# [What you are asked to do]
In the copy, keep every line below as it is and leave out the pictures.

*** Recorded data Section Begins ***

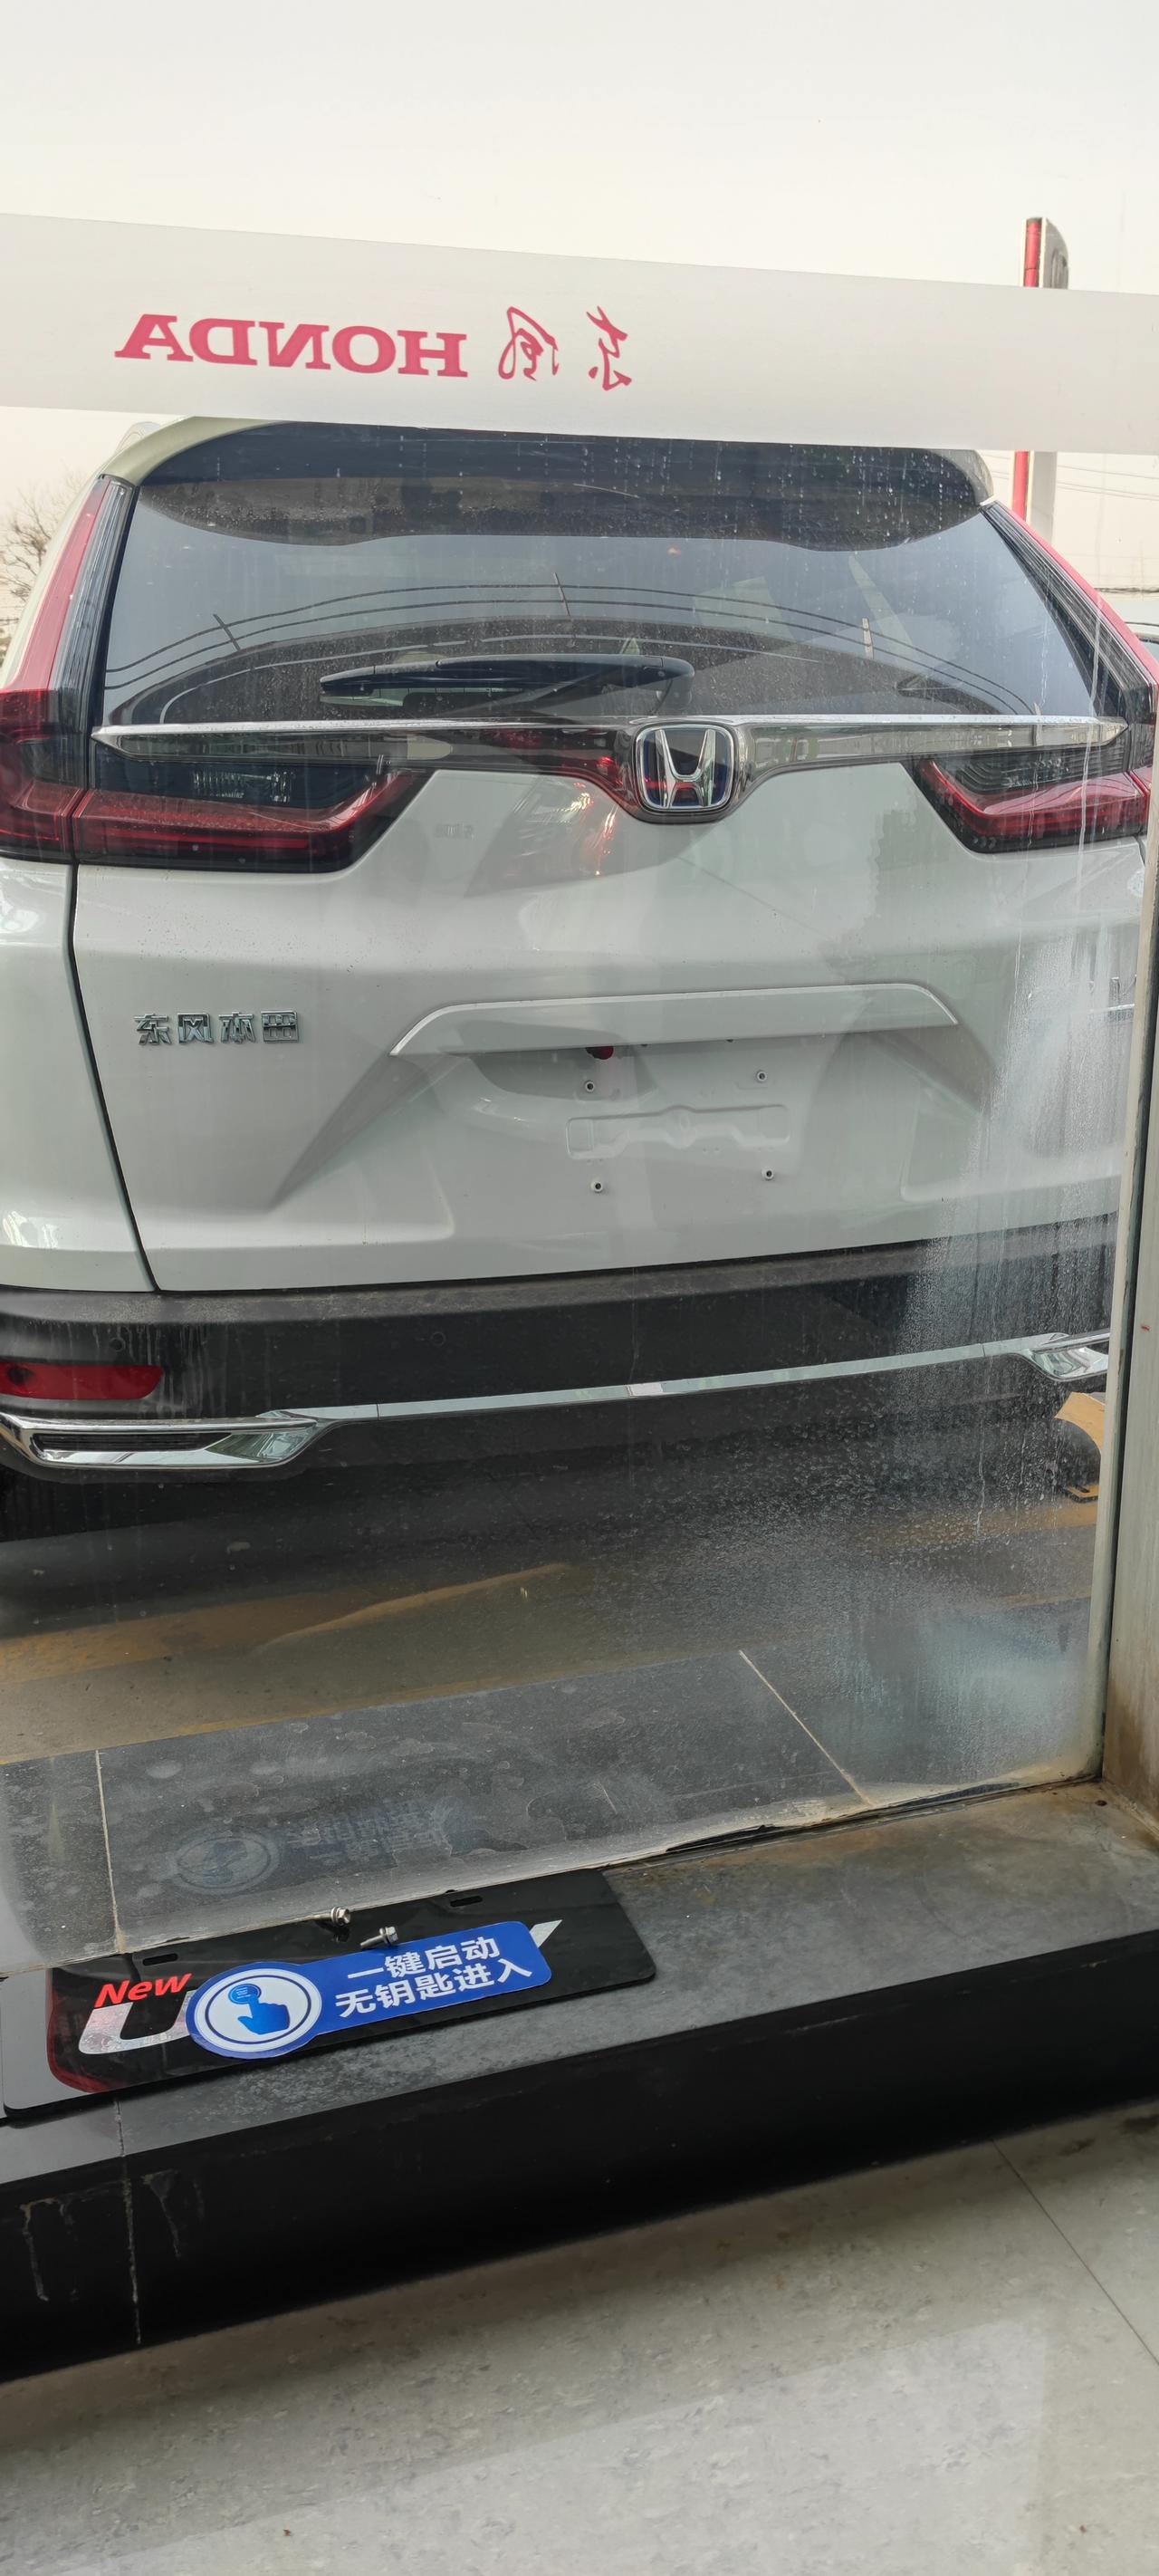 本田CR-V 最近想提混动低配净行版，最近有没大哥们提了这个车的，分享下价格参考下，送了点啥
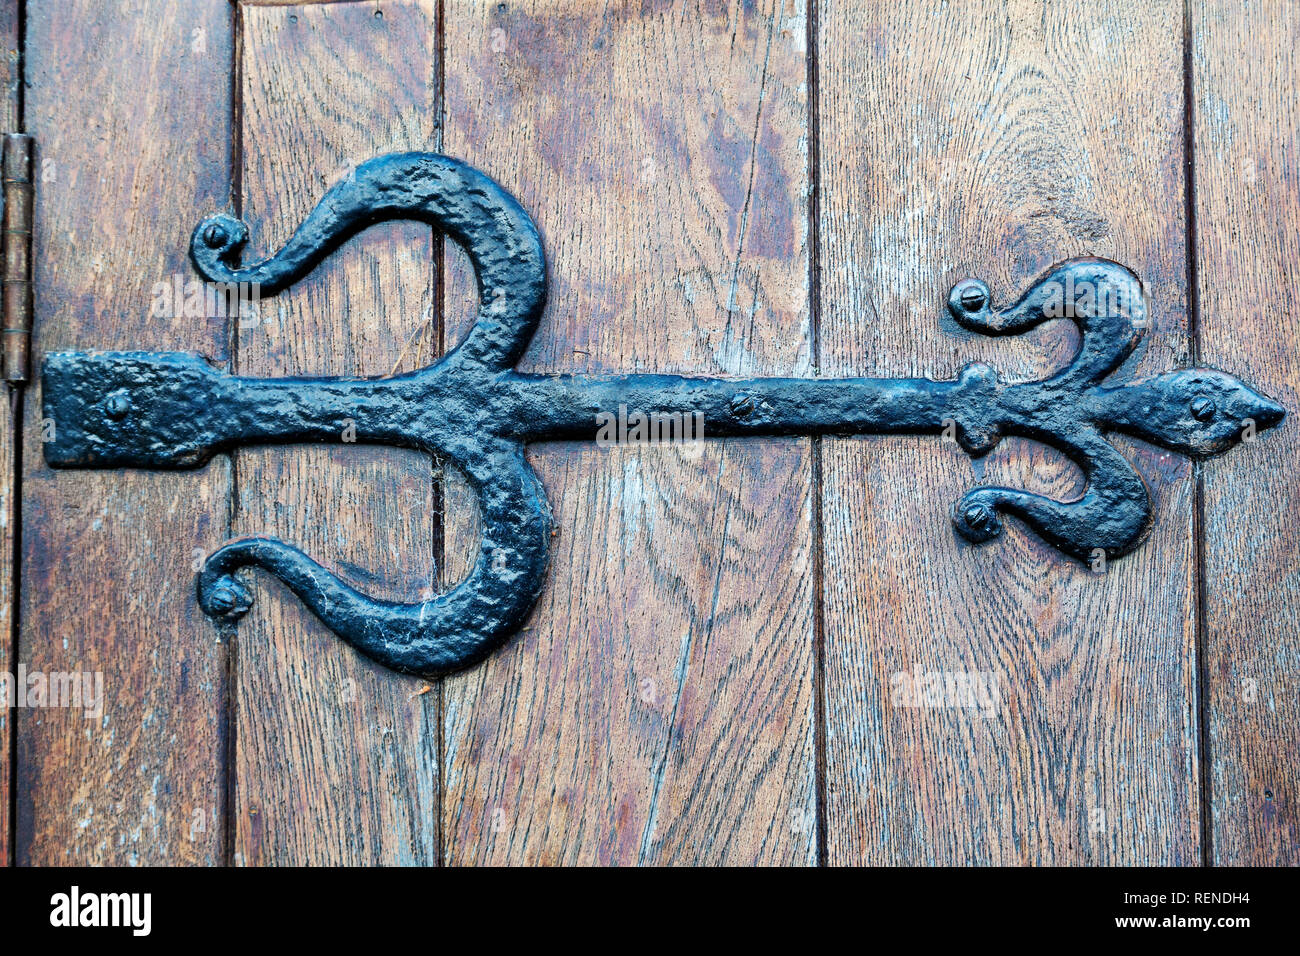 A Tudor-style cast iron door hinge. The hinge is on a wooden door. Stock Photo
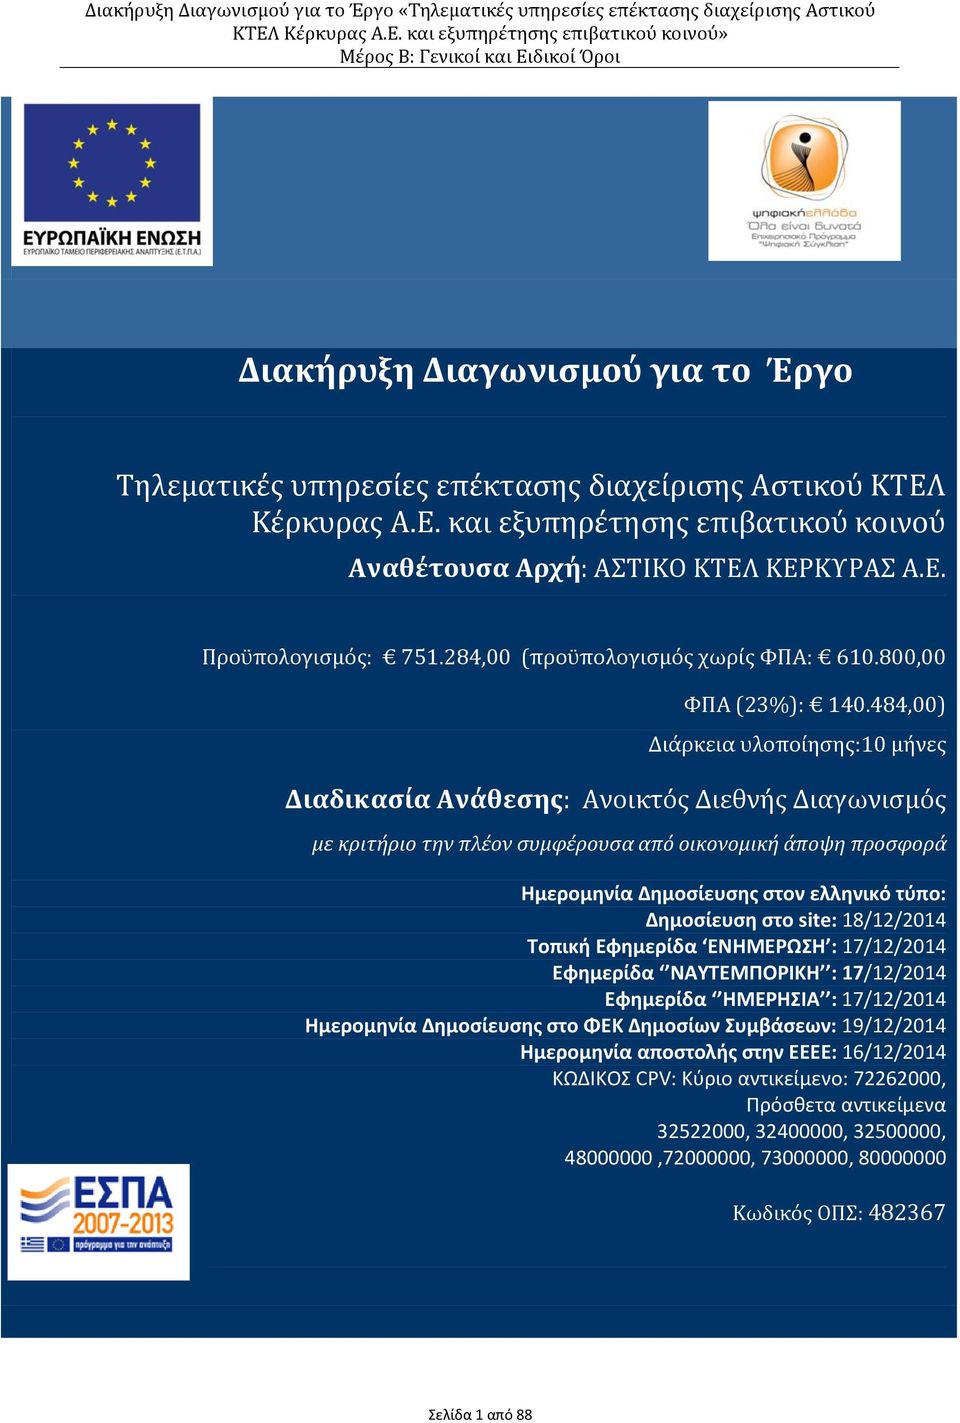 484,00) Διάρκεια υλοποίησης: 10 μήνες Διαδικασία Ανάθεσης: Ανοικτός Διεθνής Διαγωνισμός με κριτήριο την πλέον συμφέρουσα από οικονομική άποψη προσφορά Ημερομηνία Δημοσίευσης στον ελληνικό τύπο:
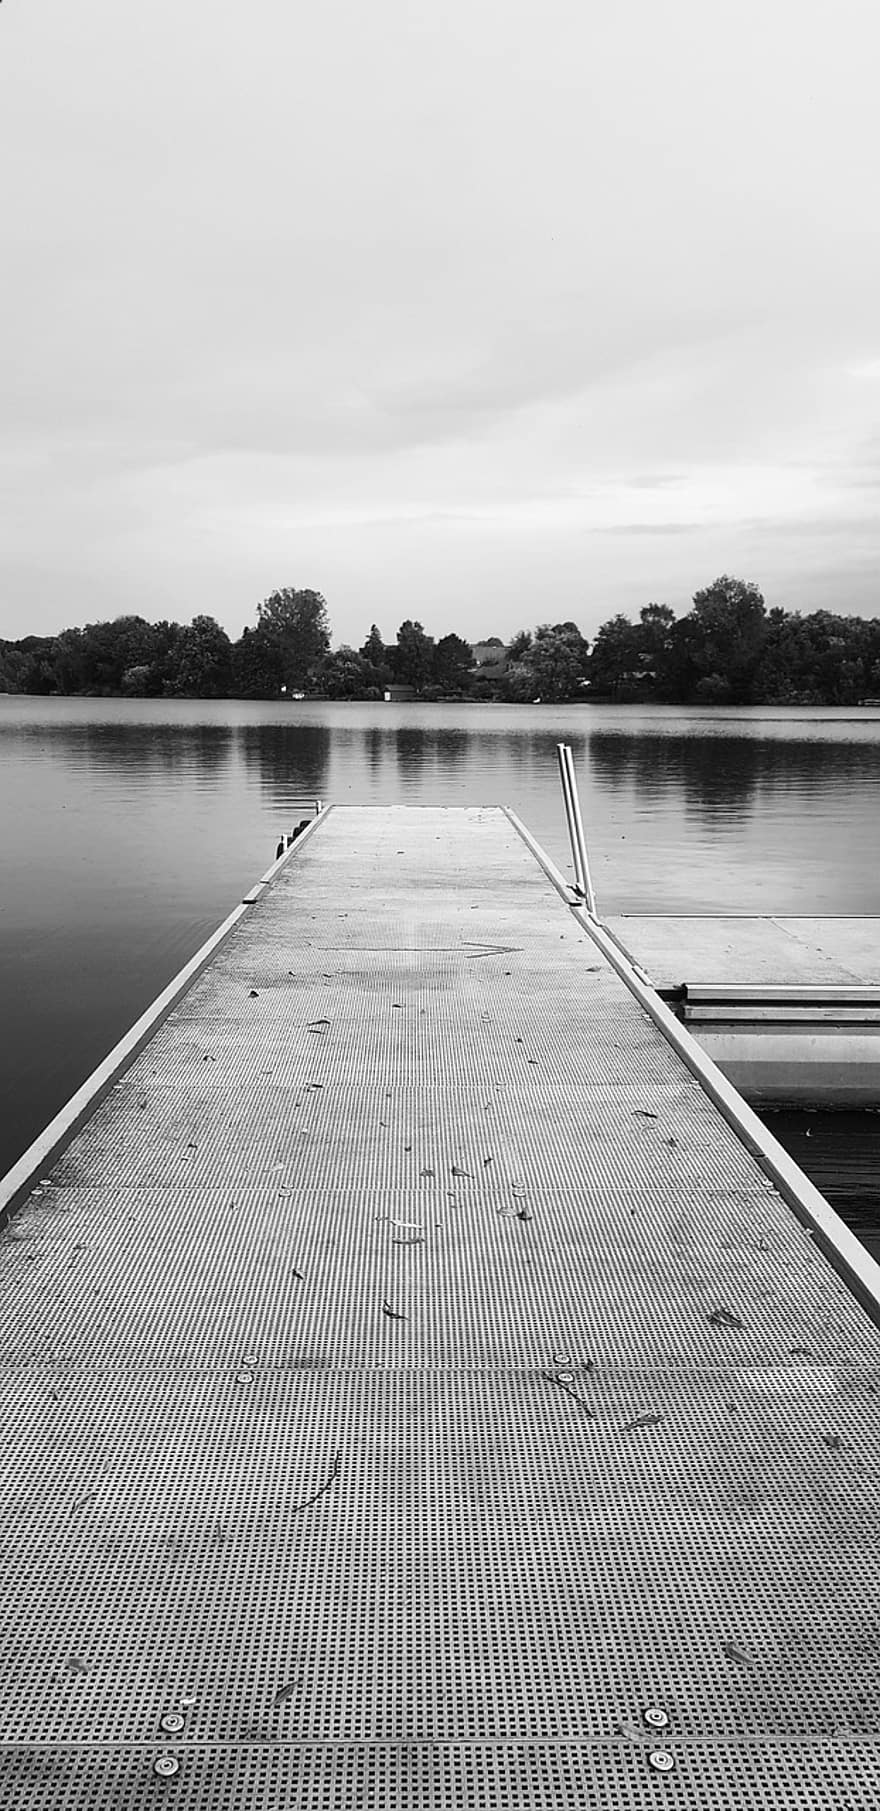 Dock, Lac, en plein air, monochrome, la nature, eau, jetée, paysage, scène tranquille, bois, noir et blanc
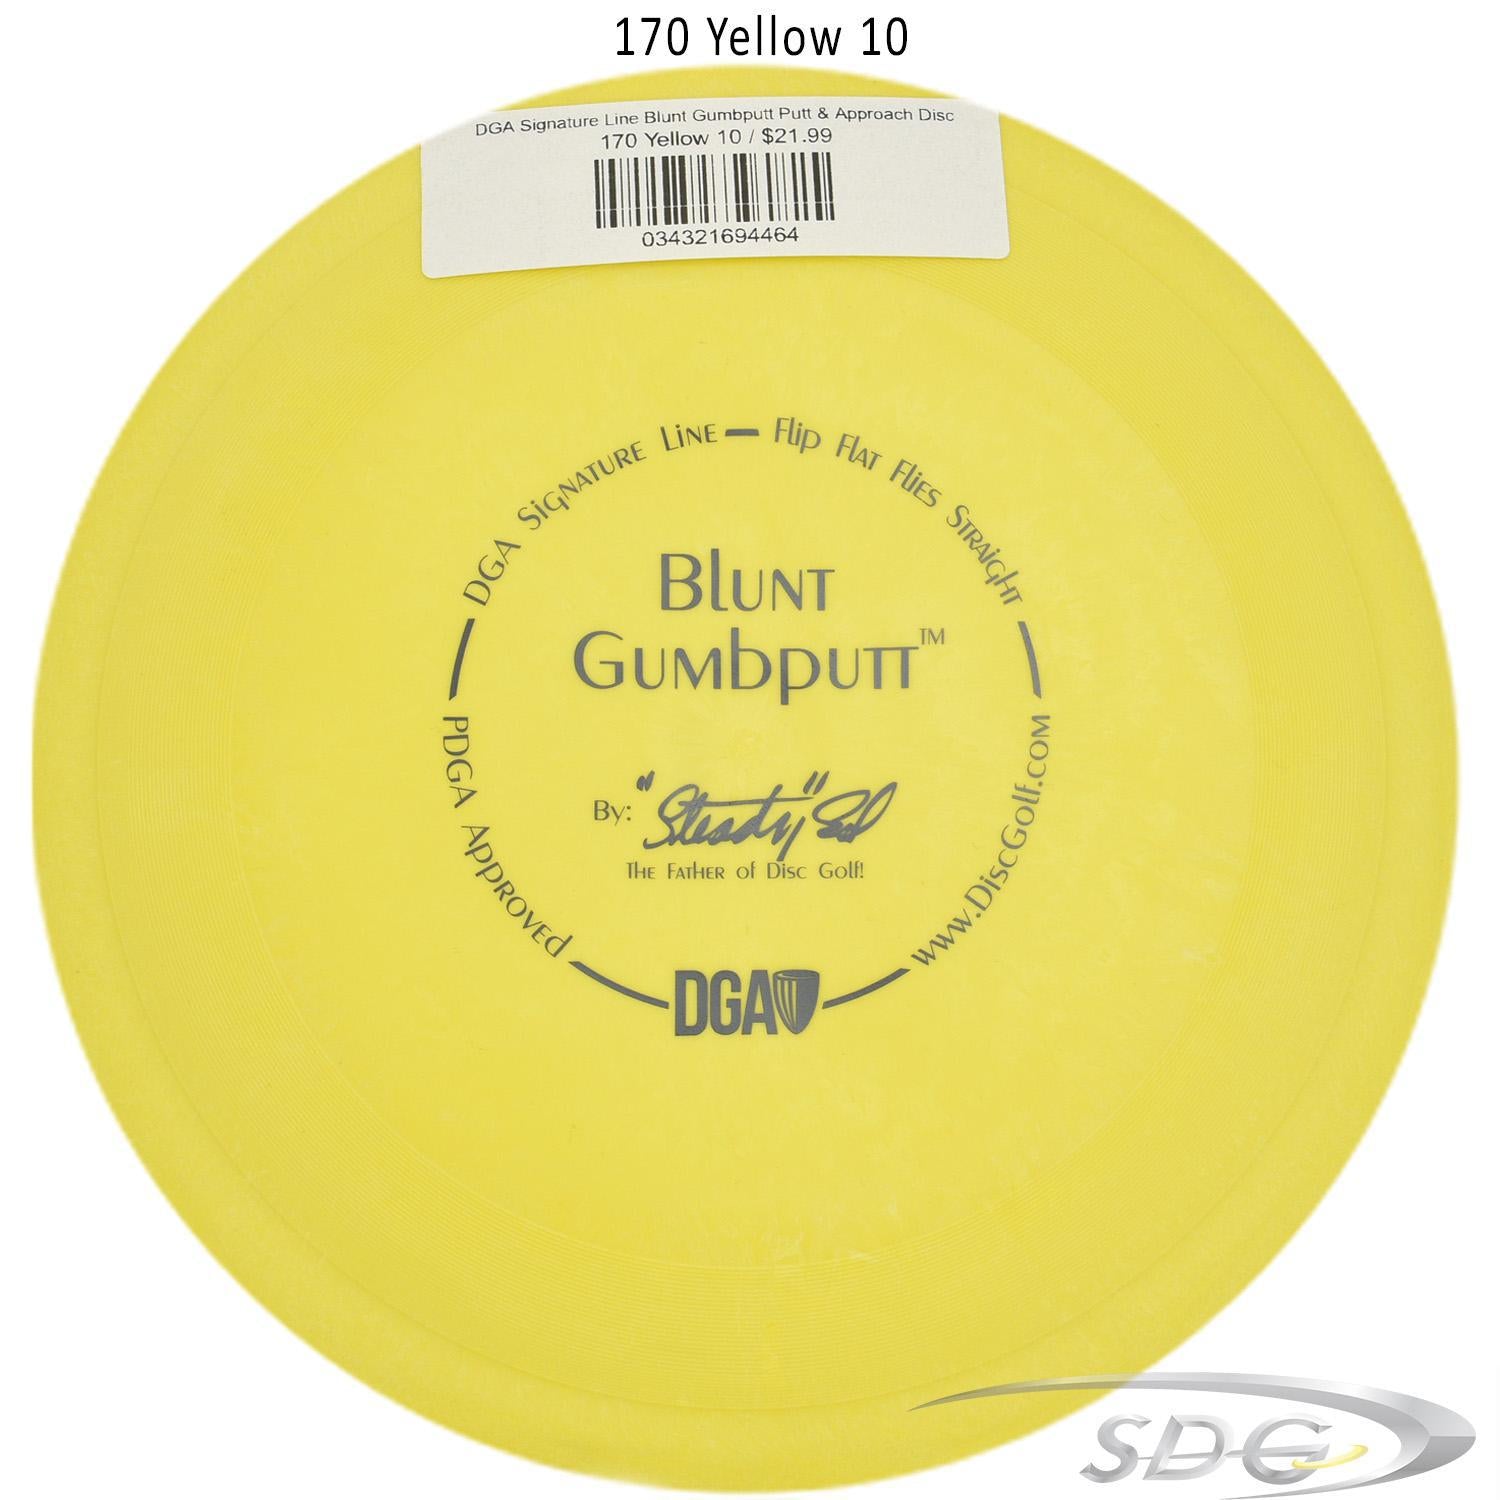 dga-signature-line-blunt-gumbputt-putt-approach-disc 170 Yellow 10

*** Recorded data Section Ends ***

# [Answer section]
 本田CR-V 最近想提混动低配净行版，最近有没大哥们提了这个车的，分享下价格参考下，送了点啥
 A Tudor-style cast iron door hinge. The hinge is on a wooden door. Stock Photo
 484,00) Διάρκεια υλοποίησης: 10 μήνες Διαδικασία Ανάθεσης: Ανοικτός Διεθνής Διαγωνισμός με κριτήριο την πλέον συμφέρουσα από οικονομική άποψη προσφορά Ημερομηνία Δημοσίευσης στον ελληνικό τύπο:
 Dock, Lac, en plein air, monochrome, la nature, eau, jetée, paysage, scène tranquille, bois, noir et blanc
 dga-signature-line-blunt-gumbputt-putt-approach-disc 170 Yellow 10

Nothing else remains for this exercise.